- _Problem details_:
Line by line, the data below should be set down unchanged, with images excluded.

- _Data extract_:
..........

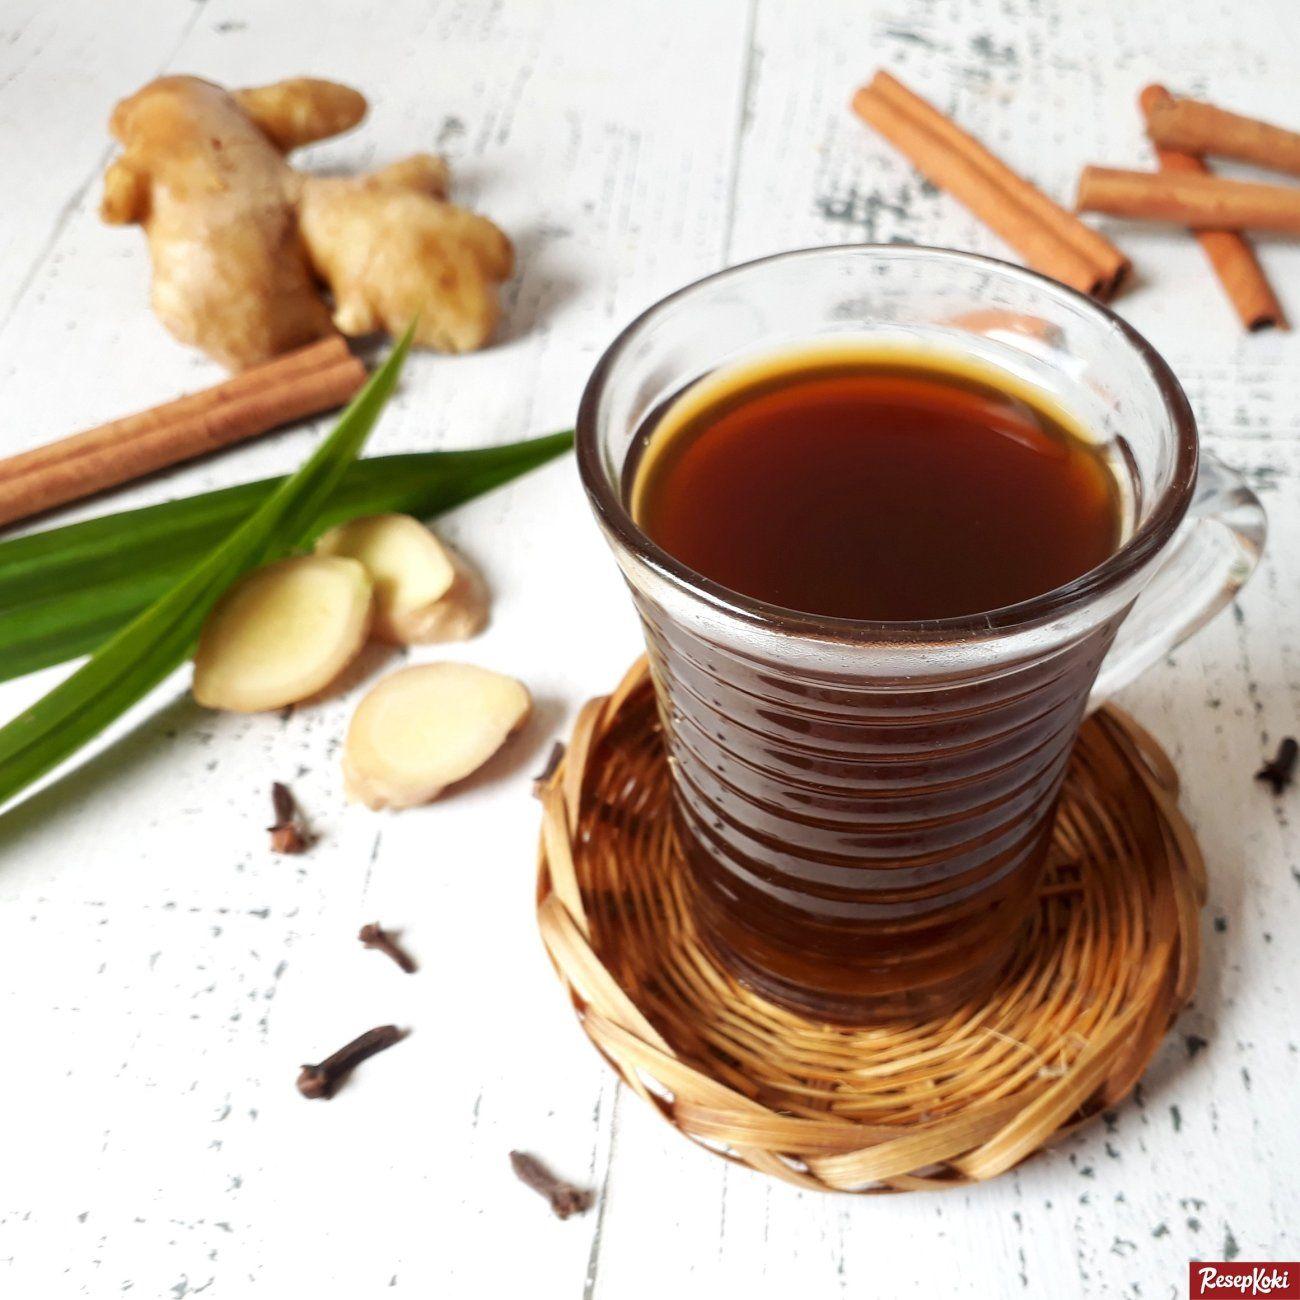 Bandrek Simpel Hangat Sedap Murah Meriah Resep Resepkoki Kayu Manis Resep Resep Minuman
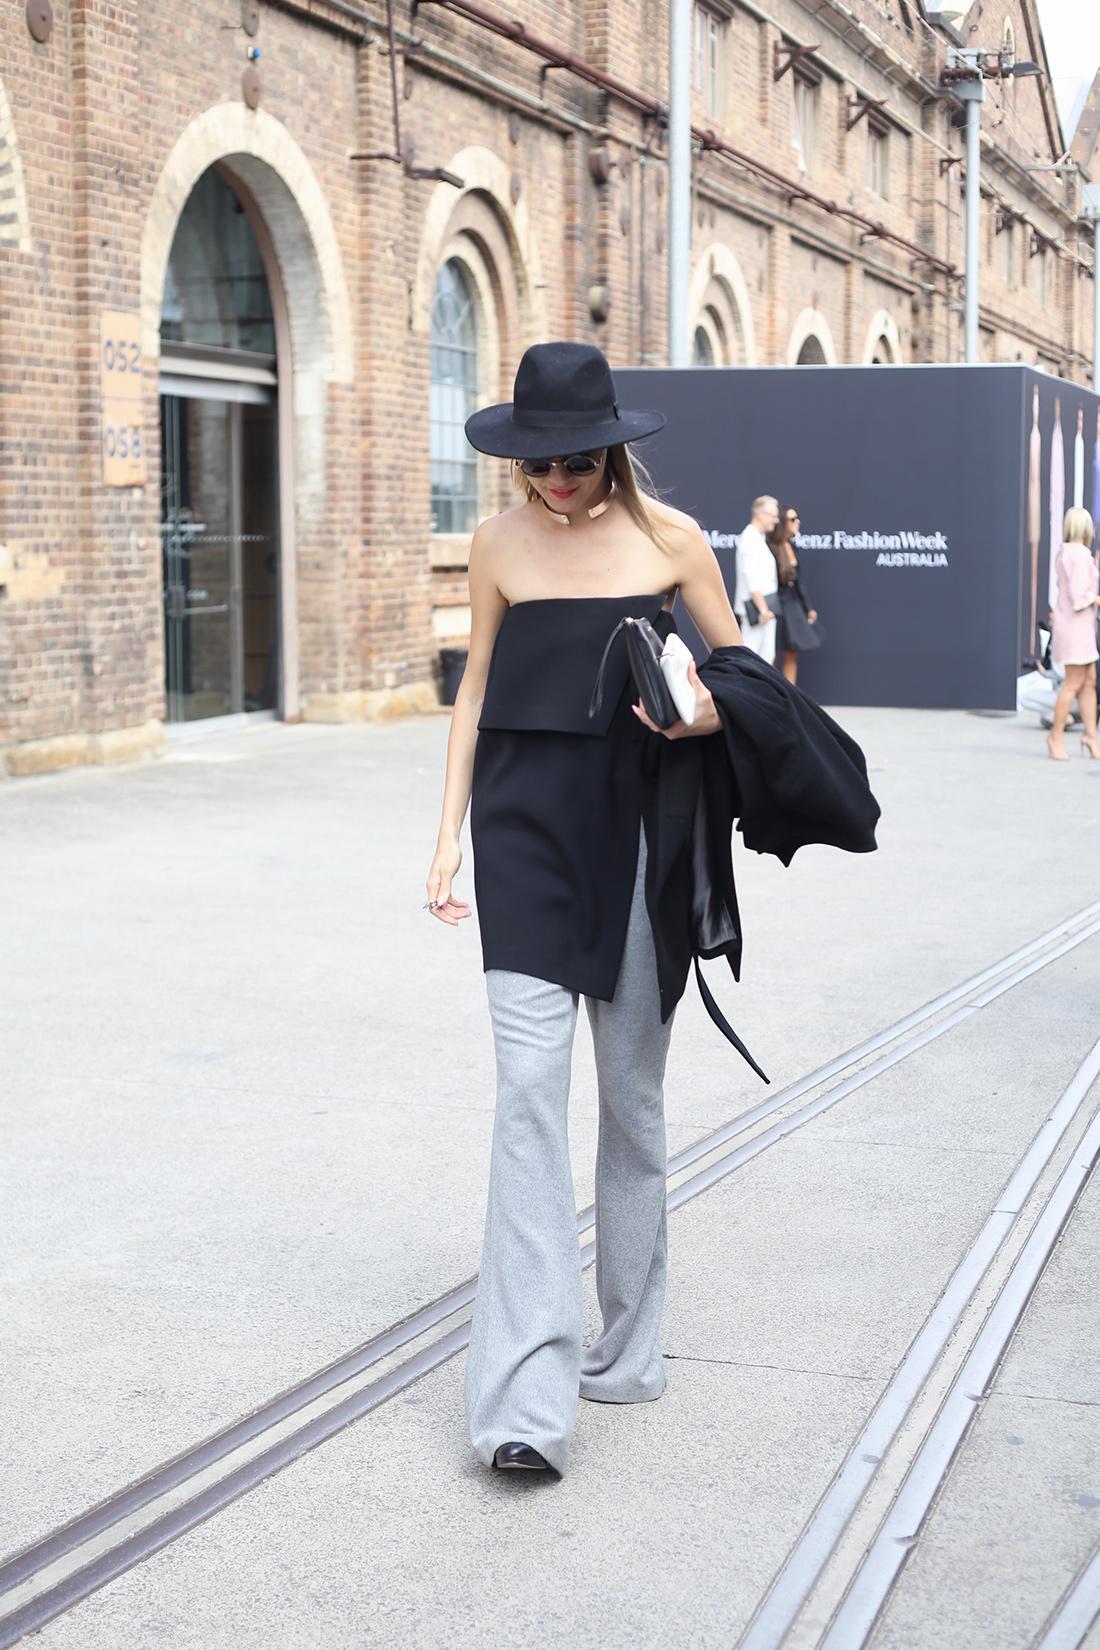 streetstyle mbfwa sydney australia fashion week
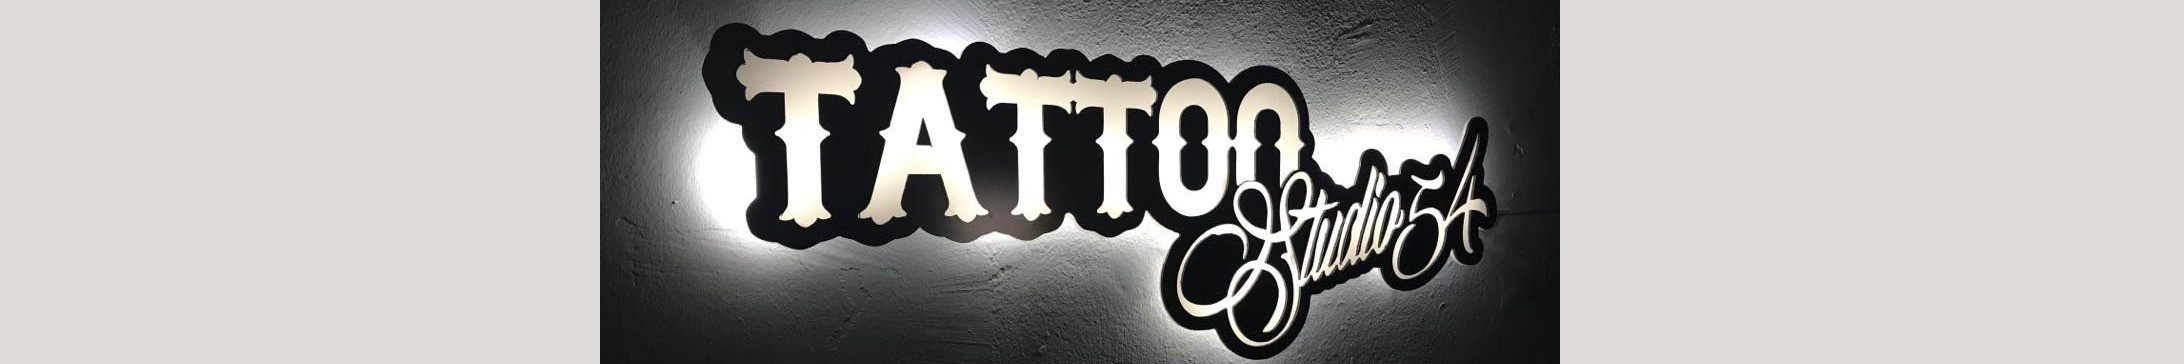 Tattoos Studio54

..........

- _Task answer_:
 Bandrek Simpel Hangat Sedap Murah Meriah Resep Resepkoki Kayu Manis Resep Resep Minuman
 streetstyle mbfwa sydney australia fashion week
 Tattoos Studio54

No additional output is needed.